The paper considers a vertical supply chain that comprises a manufacturer and a retailer, selling a search good to consumers. Advertising is made to inform consumers of its existence and price. The demand for the product is modeled using a ρ-linear function that is multiplied by the advertising intensity, a value between 0 and 1. Advertising expands consumer demand but is costly. It turns out that the optimal level of advertising for each firm and for social welfare depends mainly on the upper bound of consumer valuation, as captured by the parameter V . When demand is convex or not too concave (i.e., small ρ), both firms prefer the other to advertise, whereas when demand is sufficiently concave (i.e., large ρ), they prefer to advertise themselves. Additionally, the socially optimal advertiser is the retailer when the demand is not too concave and the manufacturer when the demand is concave enough. We also discuss the effects of externalities on firms’ pricing and advertising strategies.

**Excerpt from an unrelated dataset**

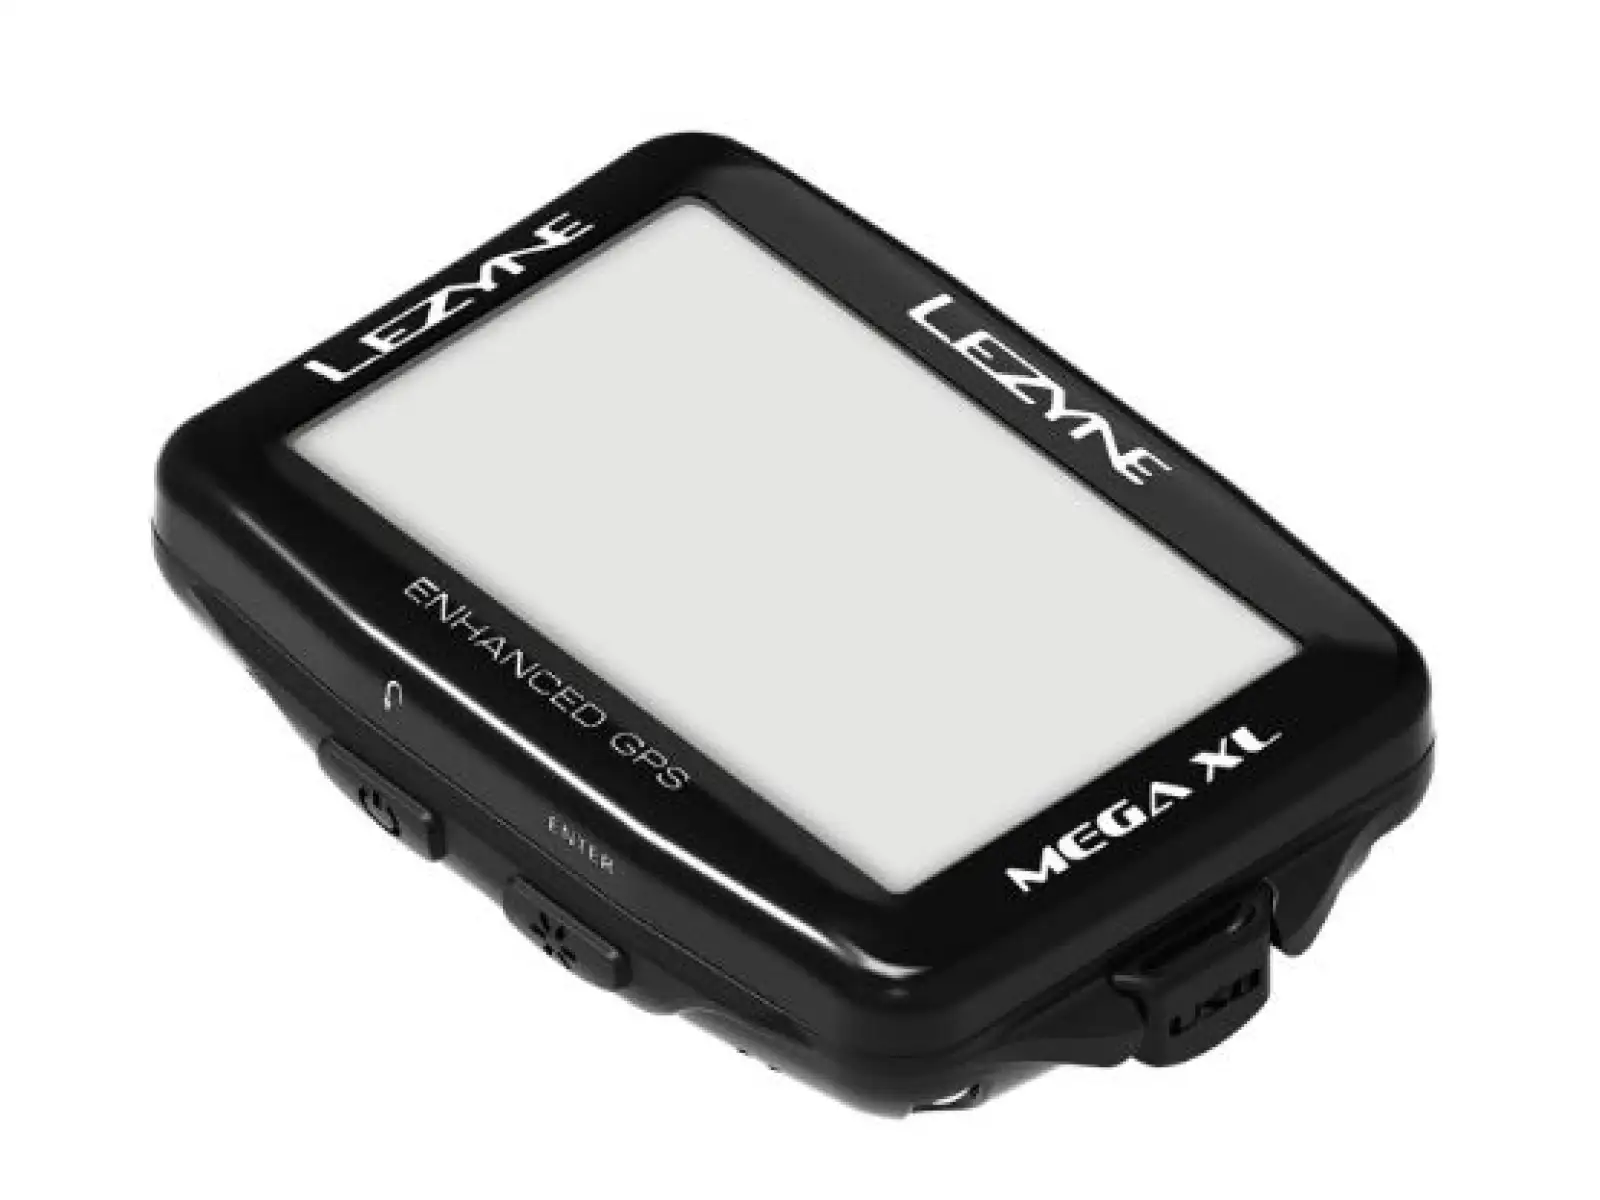 Lezyne Mega XL GPS navigace černá

The finding is that double marginalization in the vertical supply chain leads to price increases and surplus losses, but the advertising externality in the retailer-advertising results in cooperative advertising, which can help recover this loss.
Work in progress
The paper develops a library of PIDC package in C++, Python and R.
This paper applies the framework of overlapping dynamic network in which agents keep entering and leaving the network and successors connect to the predecessors according to their degrees aiming at information to understand how agents update their beliefs and make the optimal choice. It examines the role of overlapping between old agents and new agents in helping new agents to get more knowledge about the truth. Overlapping refers to that agents only live two periods during which they decide whether study or not at the first period and all work for the second period. This paper proposes a possible social learning process, mimicking the learning behaviors of agents with different educational and family backgrounds to find the conditions for complete social learning.